Reputation: 35
I try to split a text if a newline starts with a digit.
a="""1.pharagraph1
text1
2.pharagraph2
text2
3.pharagraph3
text3
"""
The expected result would be:
['1.pharagraph1 text1' , '2.pharagraph2 text2', '3.pharagraph3 text3']
I tried: re.split('\n\d{1}',a)
and it doesn't work for this task.
Upvotes: 1
Views: 585
Reputation: 627607
If you really have leading spaces and you did not make a typo when creating a sample string, you can use
[re.sub(r'[^\S\n]*\n[^\S\n]*', ' ', x).strip() for x in re.split(r'\n[^\S\n]*(?=\d)', a)]

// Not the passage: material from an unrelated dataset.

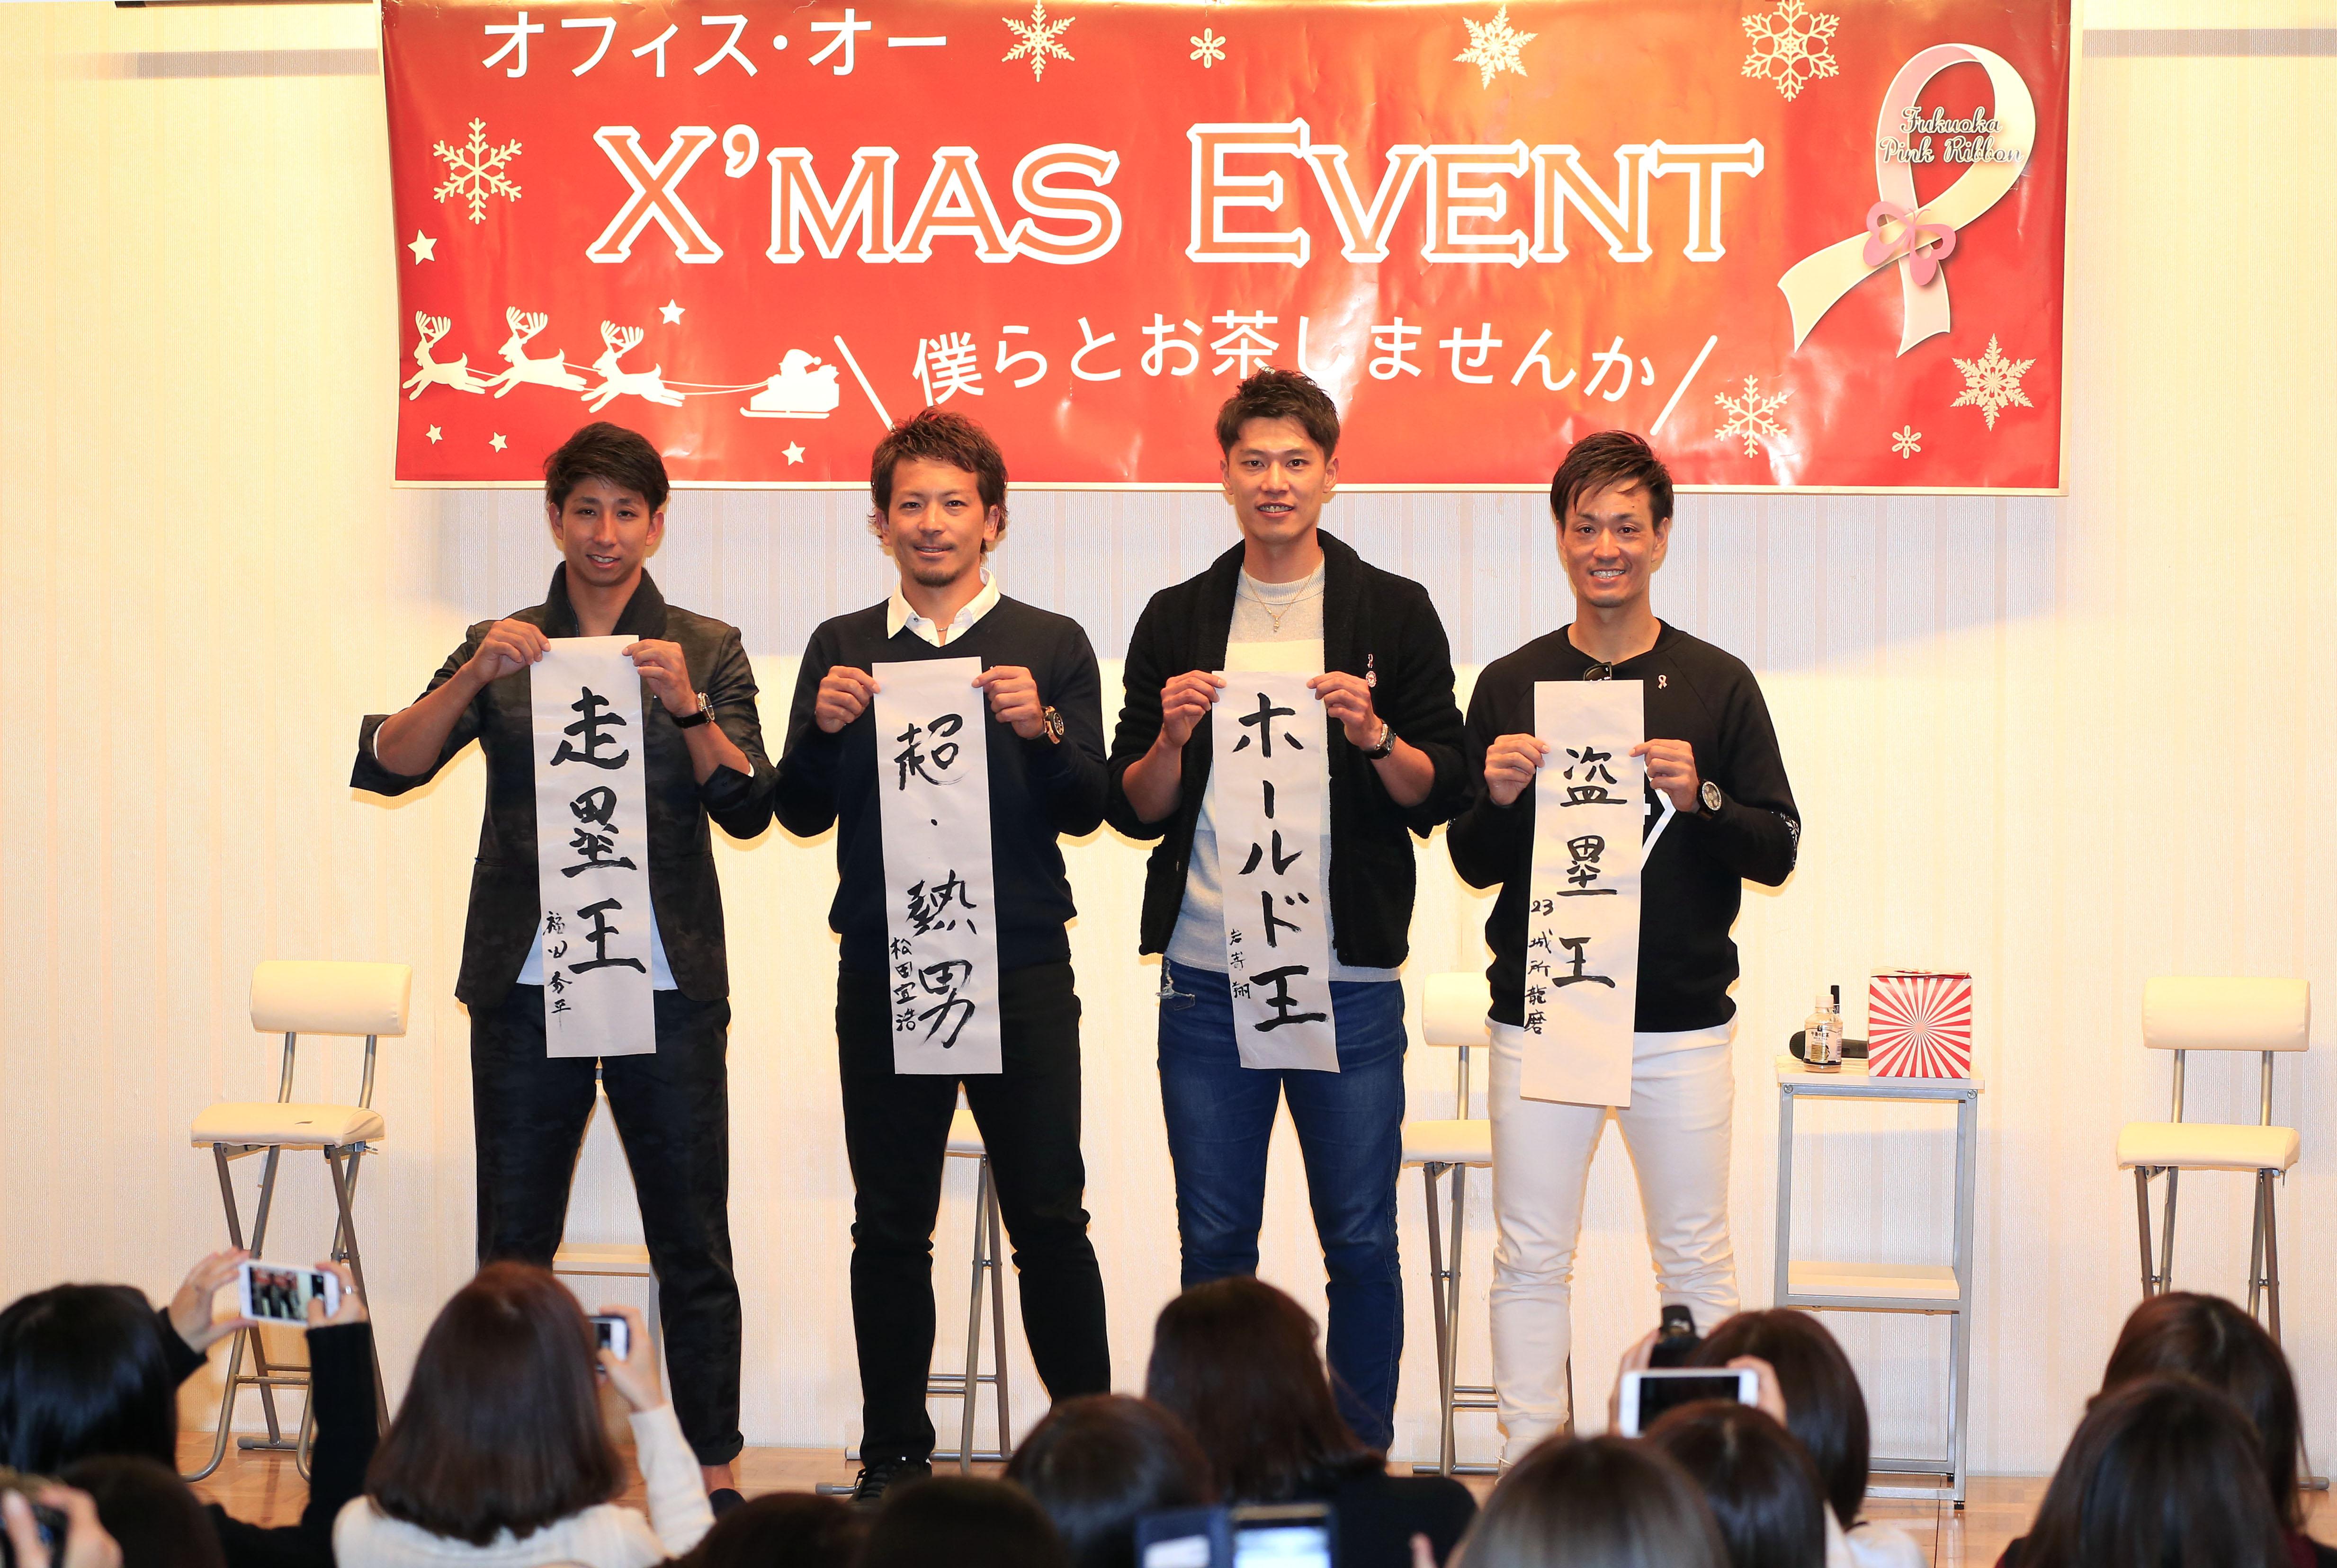 クリスマスイベント 参加ありがとうございました

# => ['1.pharagraph1 text1', '2.pharagraph2 text2', '3.pharagraph3 text3']
See the Python demo.
The \n[^\S\n]*(?=\d)
pattern matches a newline and then any zero or more horizontal whitespaces ([^\S\n]*
) followed with a digit. Then, inside each match, every sequence of 0+ horizontal whitespaces, newline and 0+ horizontal whitespaces is replaced with a space.

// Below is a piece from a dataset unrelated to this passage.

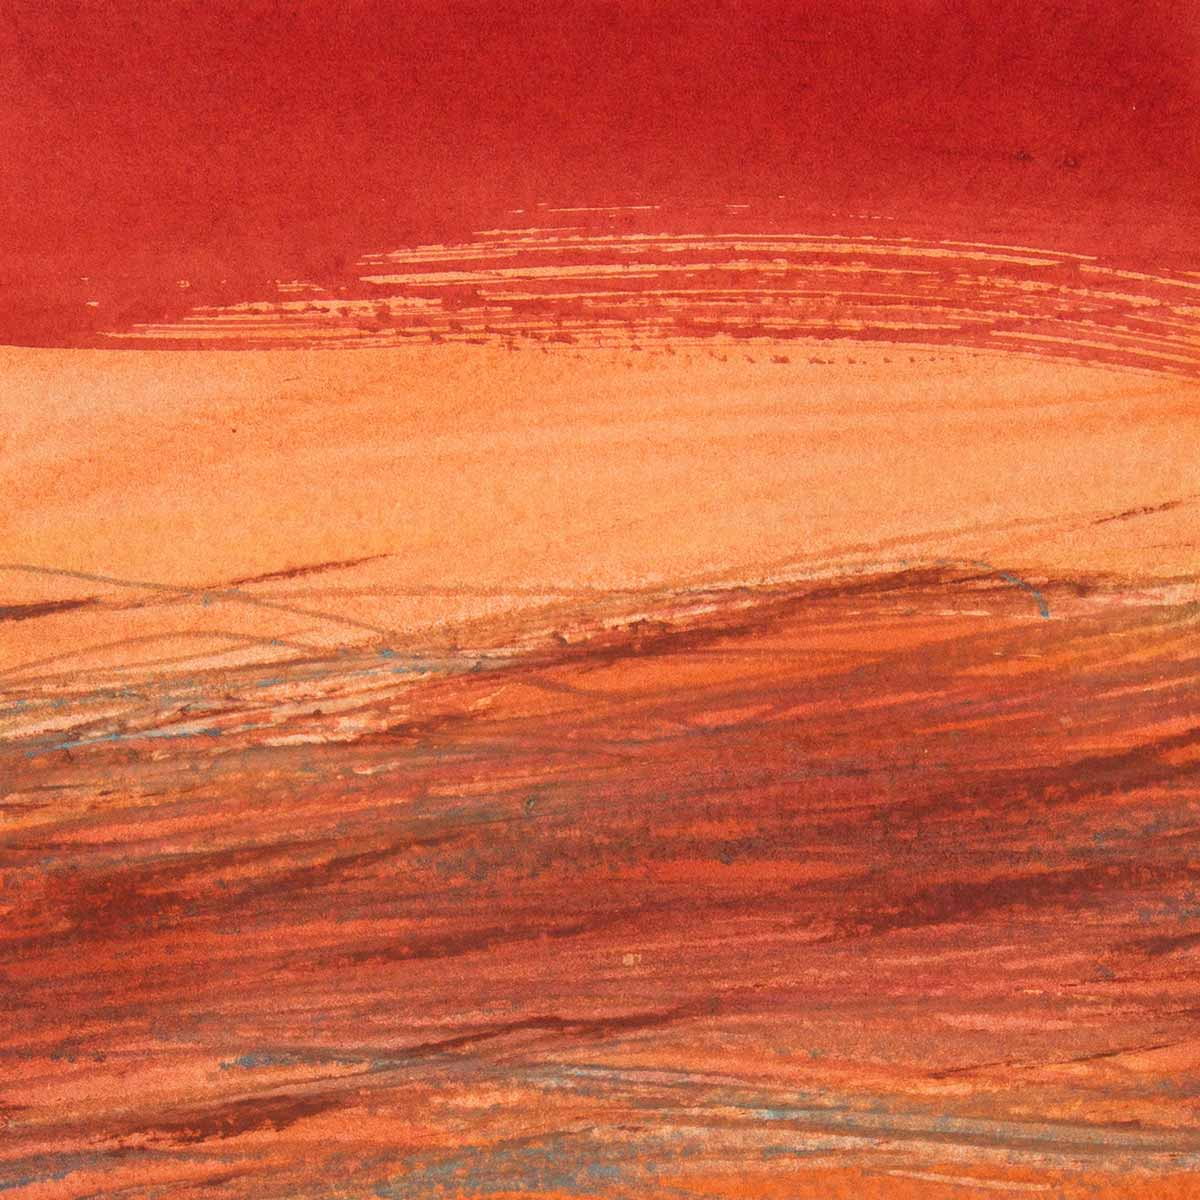 10 x 10 cm, aquarelle et crayons sur papier, 23 oct 14

If the string has no leading whitespace, you can use a simpler approach:
import re
a="""1.pharagraph1
text1
2.pharagraph2
text2
3.pharagraph3
text3"""
print( [x.replace("\n"," ") for x in re.split(r'\n(?=\d)', a)] )
# => ['1.pharagraph1 text1', '2.pharagraph2 text2', '3.pharagraph3 text3']
See the online Python demo. Here, the string is simply split at a newline that is followed with a digit (\n(?=\d)
) and then all newlines are replaced with a space.
Upvotes: 1
Reputation: 71471
You can use a lookahead to only split when the newline and spaces are followed by a digit:
import re
result = re.split('\n\s+(?=\d)', a)
Upvotes: 1